Carnegie Mellon (15-151): We alternated introducing new topics (usually via lecture) with what I called workshops. A workshop is during normal lecture time. Students are given 3-5 questions that range from conceptual questions to difficult proofs. We created the groups randomly, and we changed them every few workshops. We gave them whiteboards (you can buy big sheets of whiteboards at home depot for like $5 and have them cut them down for you) and markers, and asked them to work together on the proofs in order. As the lesson progressed, the TAs and I would walk around the room answering questions and reviewing proofs. Depending on how many resources you have this could be very difficult, but we decided to split the large lectures down into smaller ones so this was feasible.

MIT: Albert Meyer in 6.042 takes a different approach. The classes are still smaller, and I believe there are still "lab assistants" running around the room helping out, but he does the flipped classroom every lecture.
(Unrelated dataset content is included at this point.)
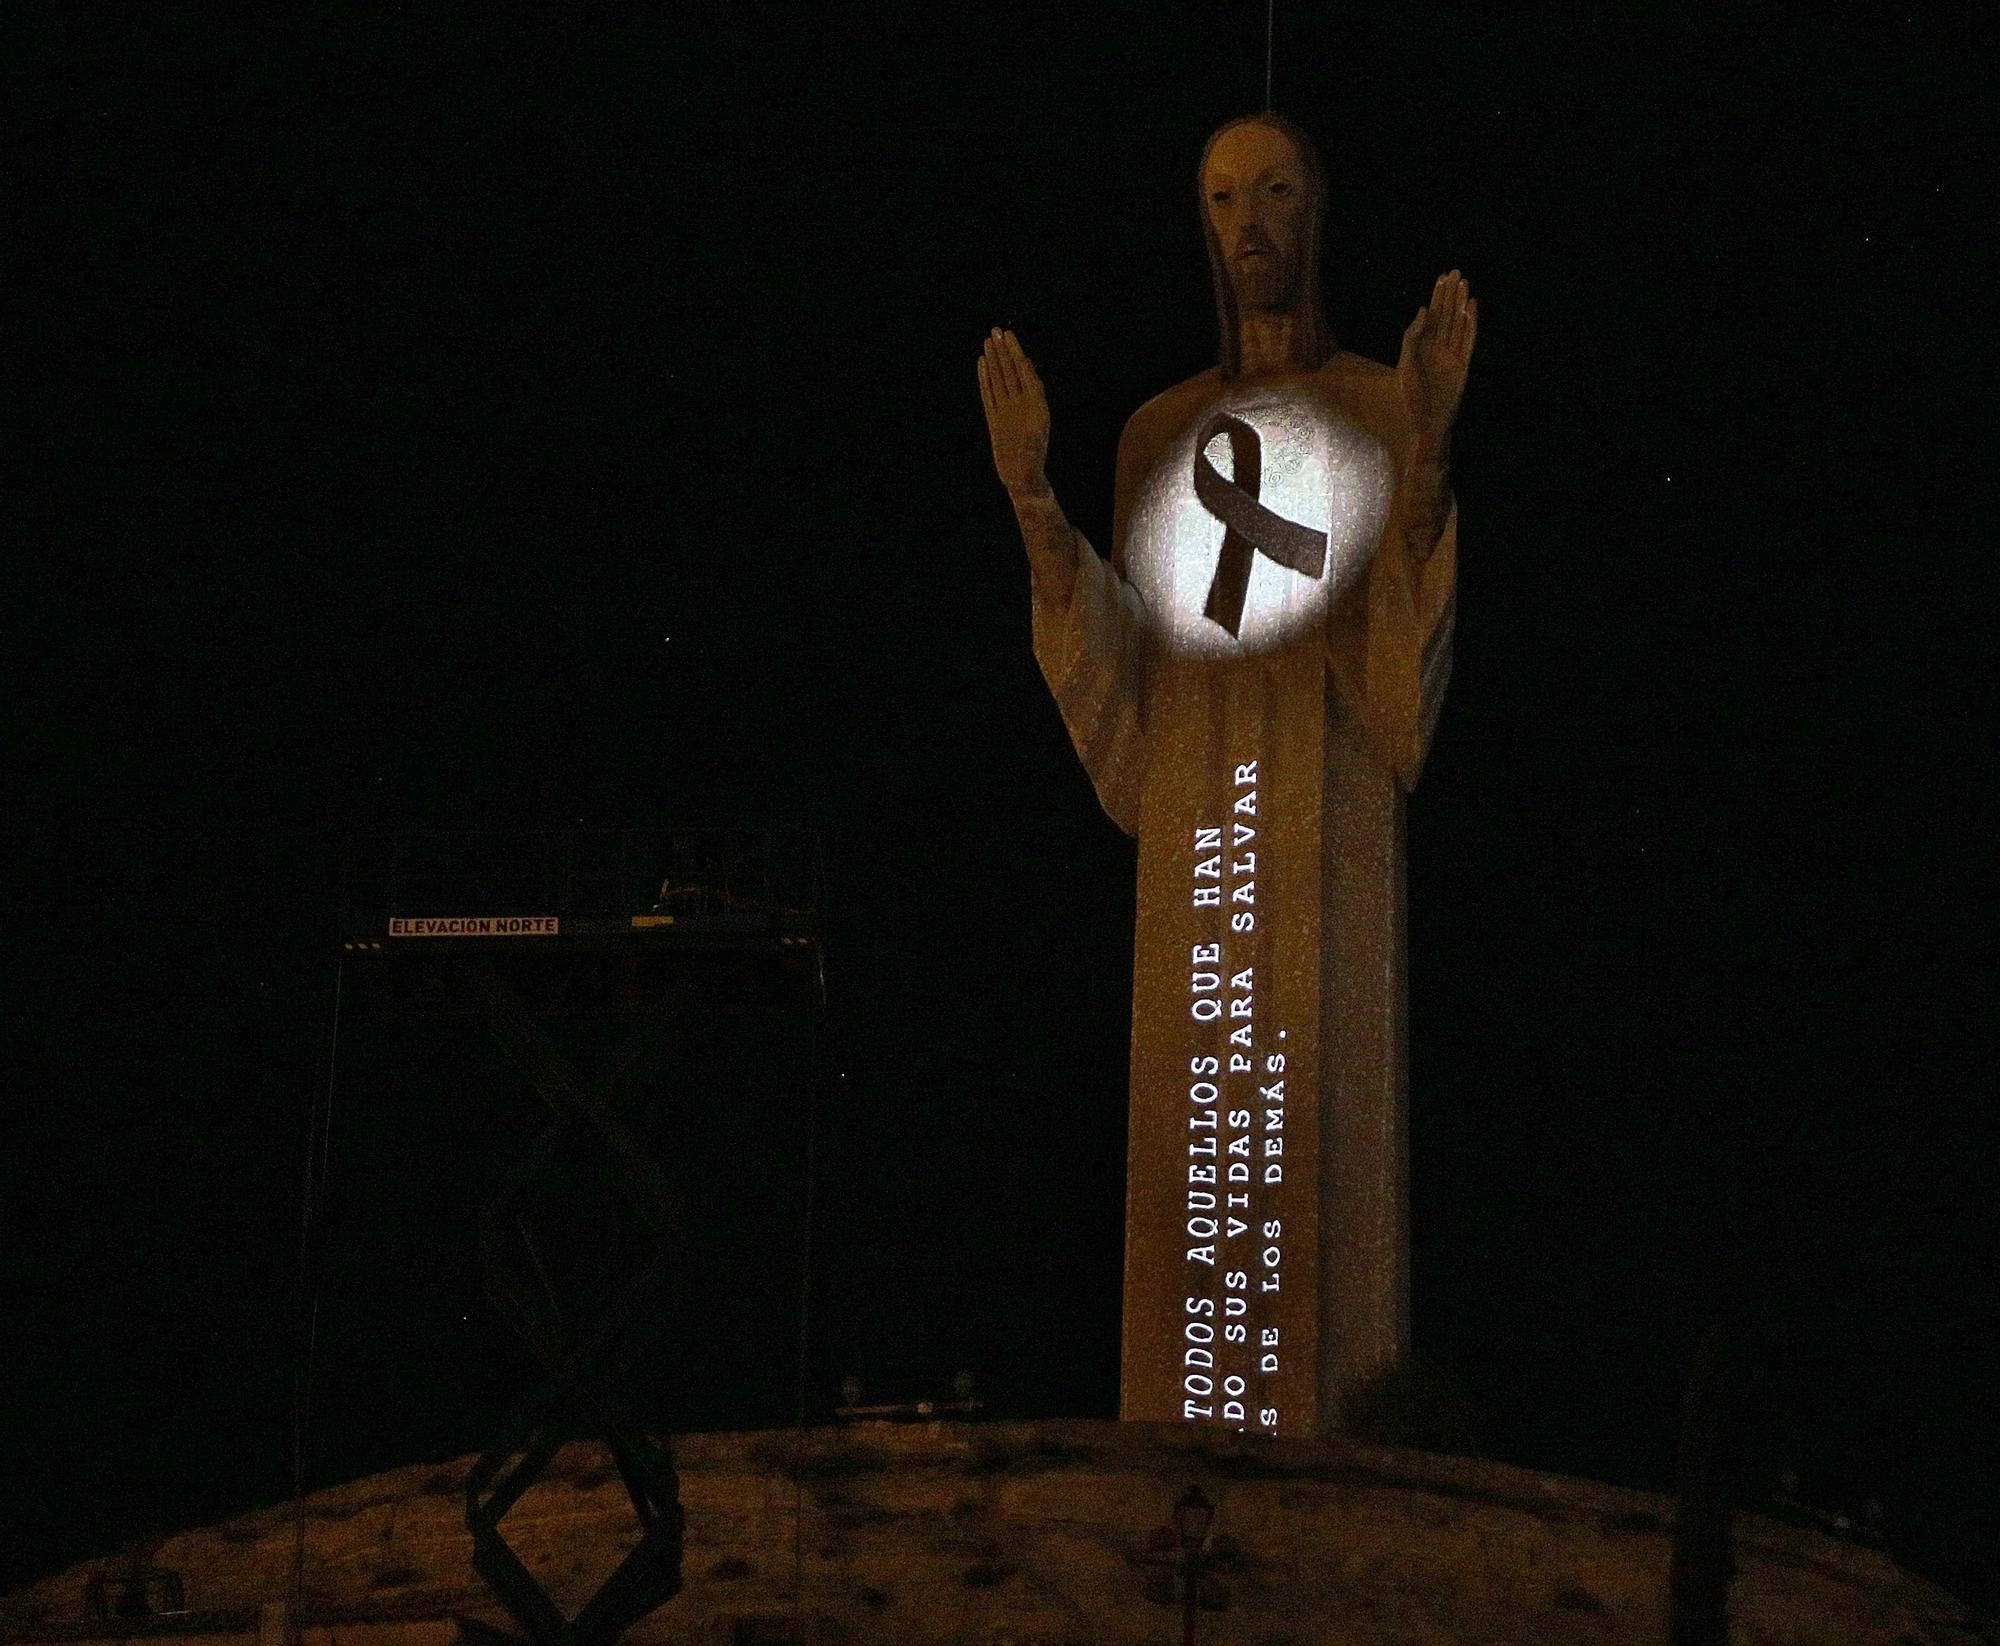 Así fue el espectacular videomapping sobre el Cristo de Otero de Palencia

He's done it in several different ways over the years. I believe originally, he gave mini lectures for the first 20ish minutes, and then the students worked for the rest. He might have moved to asking the students to watch the lectures at home--in a true flipped classroom format--now. One other thing to note is that the book Albert wrote is absolutely fantastic and completely open. It's a great resource for good problems, good explanations, and expository material for students to read.

Stanford: I can't remember the course number or name right now. I will do my best to follow up later by adding a link. Stanford takes a different approach than either of the other two. They have a standard lecture series, and sometimes, they offer workshops in the evening (which I believe are optional). This approach is particularly nice in the college setting, because it requires fewer resources and less contention for classroom space. Both of the CMU and MIT courses used a "special room" which allows for collaboration. At CMU, 15-151 is held in the CTC, and at MIT, 6.042 is held in the TEAL rooms.

There are other various strategies to do this, but these are the ones I've seen most commonly (and successfully) used for introductory proofs courses. Albert's resources are very useful, and I would be happy to share some of mine as well.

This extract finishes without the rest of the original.